Kolnyang is a Payam in Bor County, in Jonglei State, South Sudan. It is situated on the east side of the Bahr al Jabal River, to the south of Bor, South Sudan. Kolnyang’s Malual-Chaat was where the liberation revolution that led to South Sudan independence started. Both 105 Battalion commander Alier NhialMangardit and the first fallen hero of revolt Maker Jool were from Kolnyang. Kolnyang Payam is Bor county’s southernmost payam, bordering Central Equatoria State to southwest, Pibor Administrative Area to the east, Lake State to the west and Eastern Equatoria State to the southeast.

==History==
===Malek mission site===
The area encompassed by Kolnyang Payam was, in the early nineteenth century, the site of one of the Malek Mission, the first permanent Church Mission Society (CMS) station in southern Sudan. Angus Cameron, the Governor of Mongalla, had discouraged the missionaries from settling Mongalla and suggested a site downriver, 18 kilometers south of Bor. Llewellyn Gwynne oversaw the group that established the Malek Mission in early 1906. It consisted of Rev. Archibald Shaw, Rev. Arthur Thom, Rev. F.B. Hadow, Dr. Lloyd, Mr. Comely, and Mr. Wilmott. The mission closed (temporarily) fewer than two years later, in May 1908, when only Archibald Shaw remained there; the others had all left, owing to a combination of ill-health and frustration. A Church Mission Society school was subsequently established at the mission, providing one of the few opportunities for access to education in the region.

===Panpandiar===
The Division 8 Headquarters of the Sudan People's Liberation Army (SPLA) is located at Panpandiar, which lies along the Bahr al Jabal River, sixty kilometers south of Bor, between Malek and Pariak boma.
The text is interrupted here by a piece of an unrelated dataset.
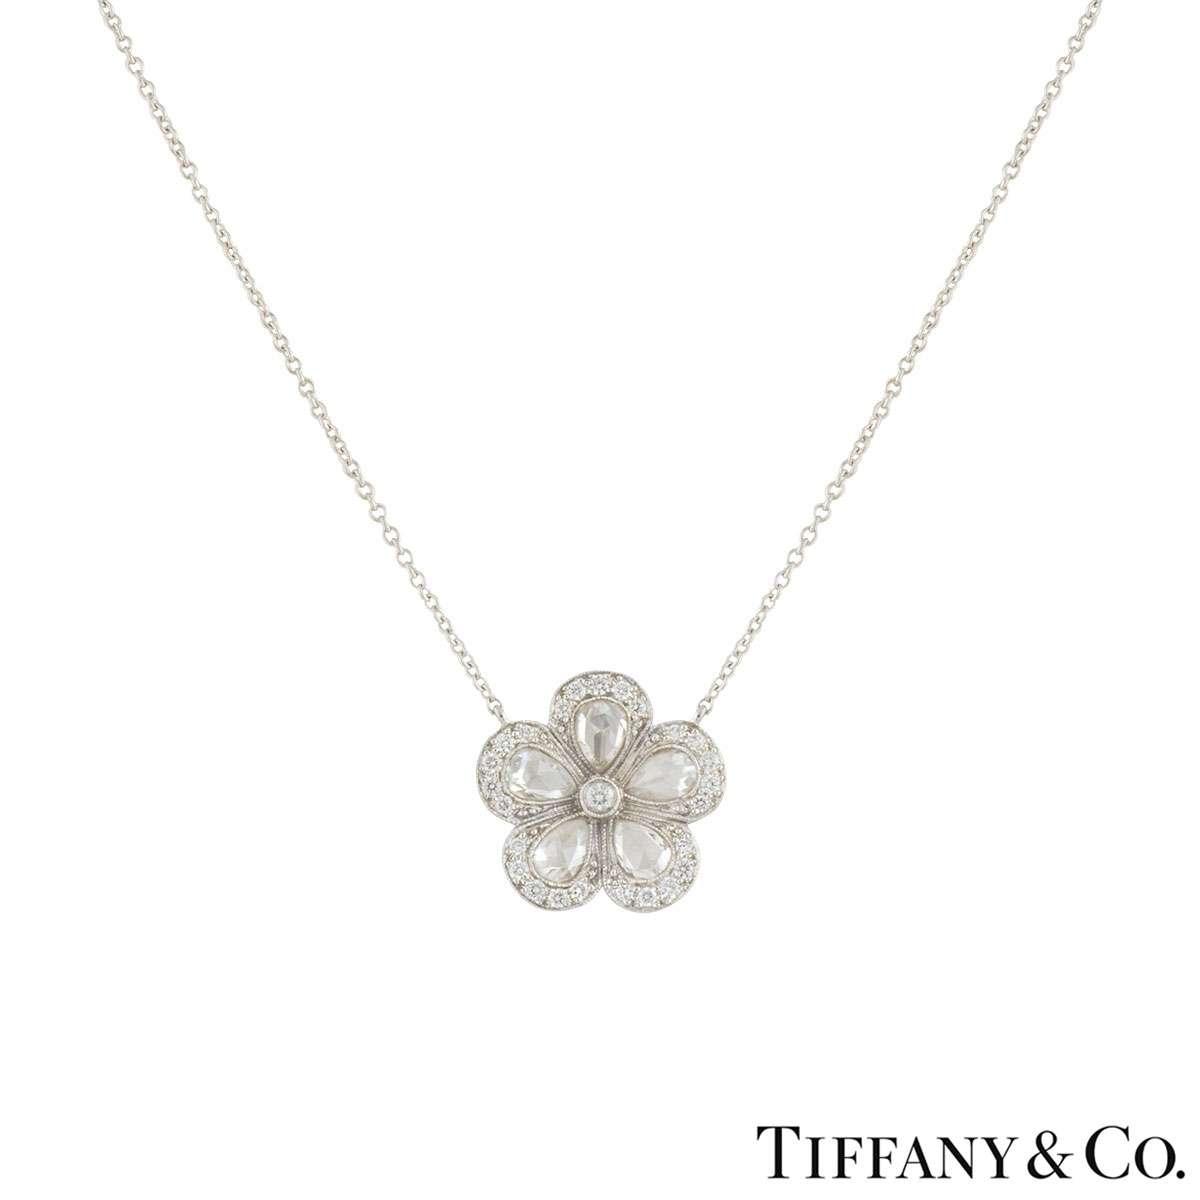 Tiffany & Co. Garden Flower Necklace 1.86ct G+/VS+

In December 2013, Major-General Peter Gadet, the Commander of SPLA Division 8 Headquarters in Panpandiar, defected from the SPLA along with many of the soldiers under his command and attacked Bor Town.

=== panwel/Anuet===
More than 30 people were killed during a series of disputes over the ownership of dry-season grazing land and the naming a village in the vicinity of Cuei-keer in 2017-2018. Conflict arose over whether a village then known as Panweel would retain its name or be renamed Anuet.

==Demographics==
In 2008, Kolnyang was composed of four bomas: Cuei-keer, Gak, Kolnyang, and Pariak. According to the Fifth Population and Housing Census of Sudan, conducted in April 2008, Kolnyang had a combined population of 40,058 people, composed of 21,188 male and 18,870 female residents.

Kolnyang is home to eleven major communities. These are Adol, Abang, Gol, Gwalla, Jiir, Koro, Malual, Nyara, Biong, Manyayiel, Nyicak, Pariak and Awan.